Over the next three years, Rogue Squadron became one of the most effective drone engineering teams in the U.S. government. Most of the story remains untold, although Raj Shah and Christopher Kirchhoff’s new book, Unit X, lifts the veil. Early on, Secretary of Defense James Mattis directed DIU to scale Rogue Squadron’s work across the DoD. With backing from the highest levels, we built Rogue Squadron into a powerhouse—part software factory, part center of excellence, and part policy think tank. We became the DoD’s top team for reverse engineering and exploiting DJI drones, built a drone detection network across multiple countries, and supported more than 200 U.S. government organizations with a variety of drone applications. We also provided thought leadership for a new industrial strategy to break DJI’s monopoly and restore a U.S. and allied/partner drone industry. Our work directly shaped the Army’s acquisition strategy for the Army’s Short Range Recon (SRR) drone and evolved into the Blue UAS program.

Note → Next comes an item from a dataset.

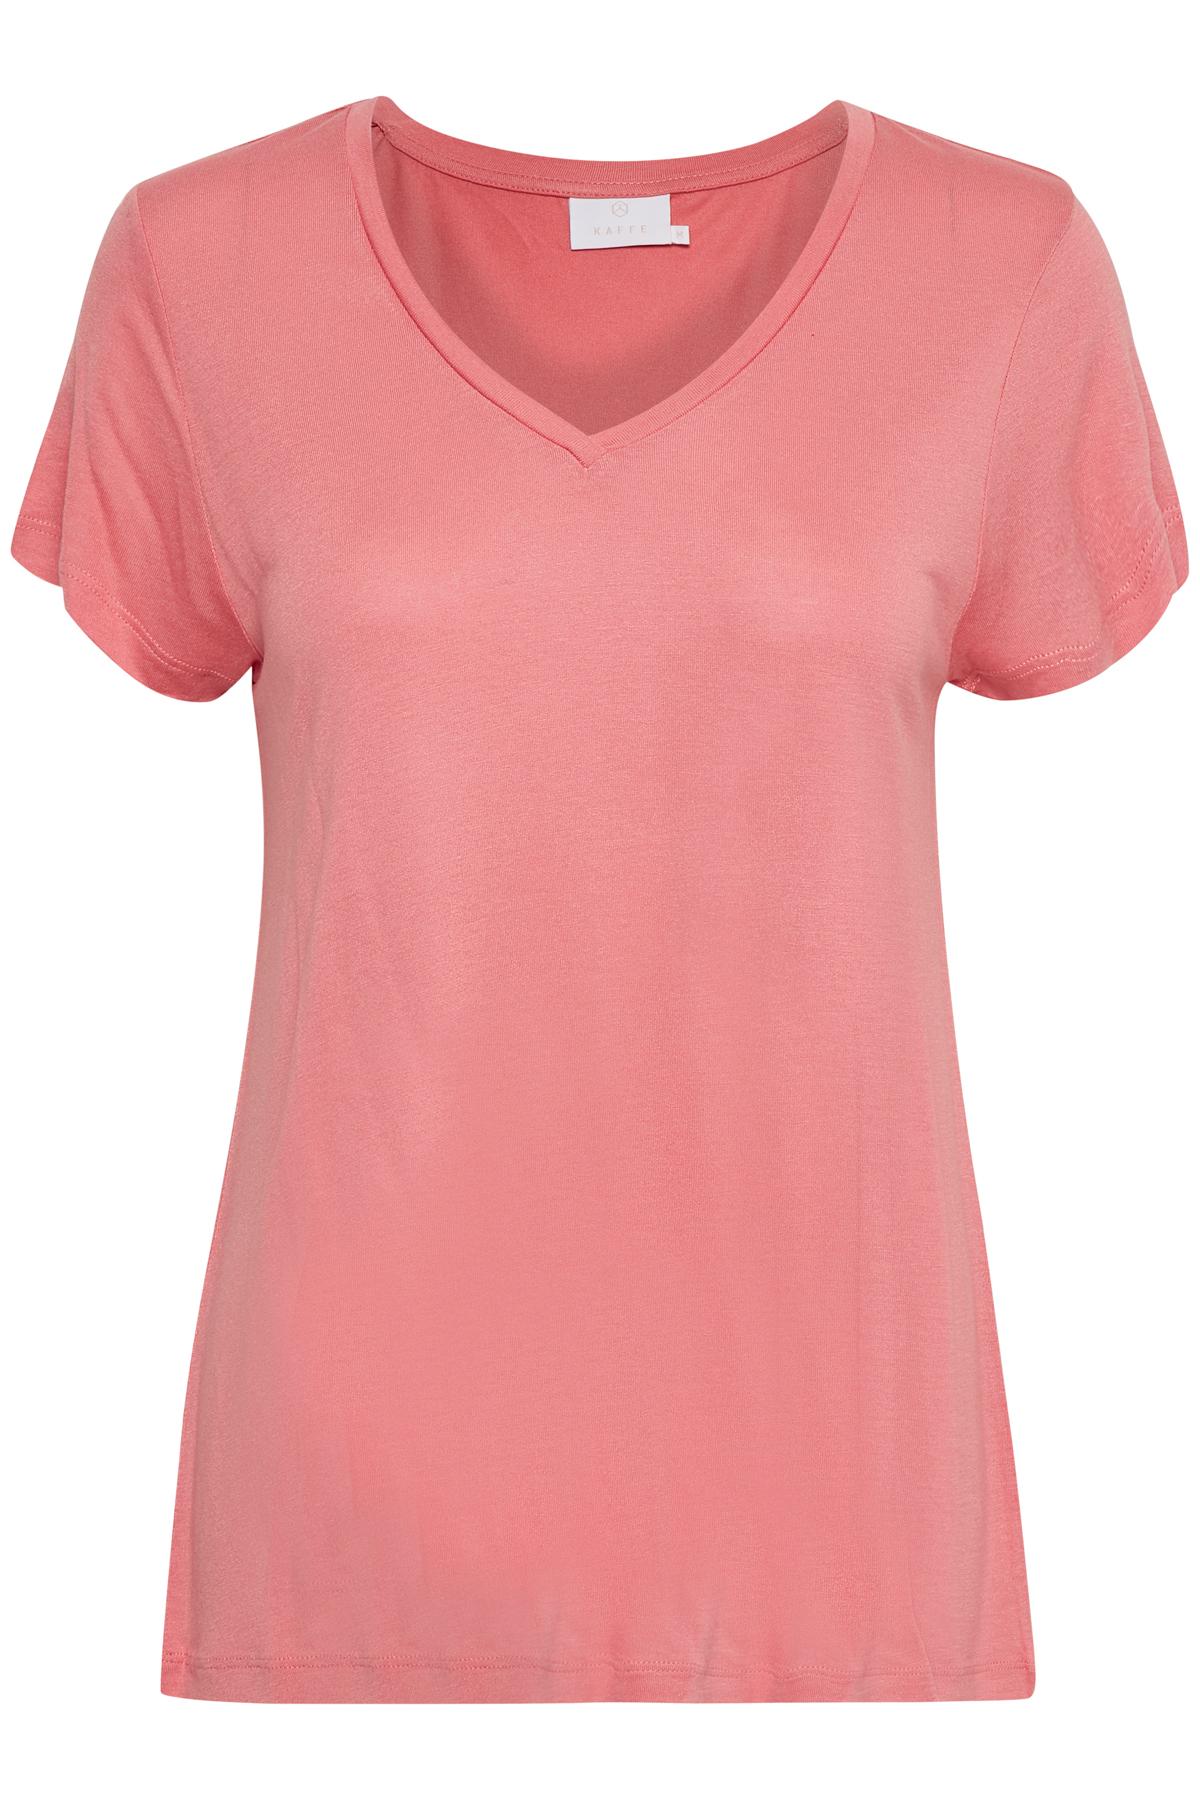 Rosa Kurzarm T-Shirt von Kaffe – Shoppen Sie Rosa Kurzarm T-Shirt ab Gr. XS-XXL hier

Perhaps our biggest challenge during these years was the DoD’s talent management system, which could not leave Ryan and I in place long enough to see our work through. Colleagues repeatedly asked us, “Why don’t you start a company?”
Four years later, after stints in industry and academia, we are doing exactly that. We are getting the band back together as TILT Autonomy, a company focused on rapid delivery of cutting-edge autonomy technology to clients.
Although our shift into the private sector will bring changes, our philosophy of technology delivery to the warfighter remains the same.
The TILT Philosophy
By warfighters, for warfighters
This was Rogue Squadron’s motto, and we carry that ethos forward into TILT Autonomy. As experienced military leaders and technologists, we are well-positioned to anticipate new battlefield trends, grasp the reciprocal nature of technology and strategy, and respond quickly to urgent needs. We now bring our decades of experience with operational units, the defense acquisition world, academia, and the drone industry to TILT. Our passion will always be for supporting the warfighter.
One government-industry team
At Rogue Squadron, we built a “startup”-like team that combined serving military officers and contracted software engineers. We worked in one lab as one team. By developing a strong culture and breaking down silos, we could move at breathtaking speed. Our flexible, open-ended contract meant we could pivot as battlefield requirements evolved.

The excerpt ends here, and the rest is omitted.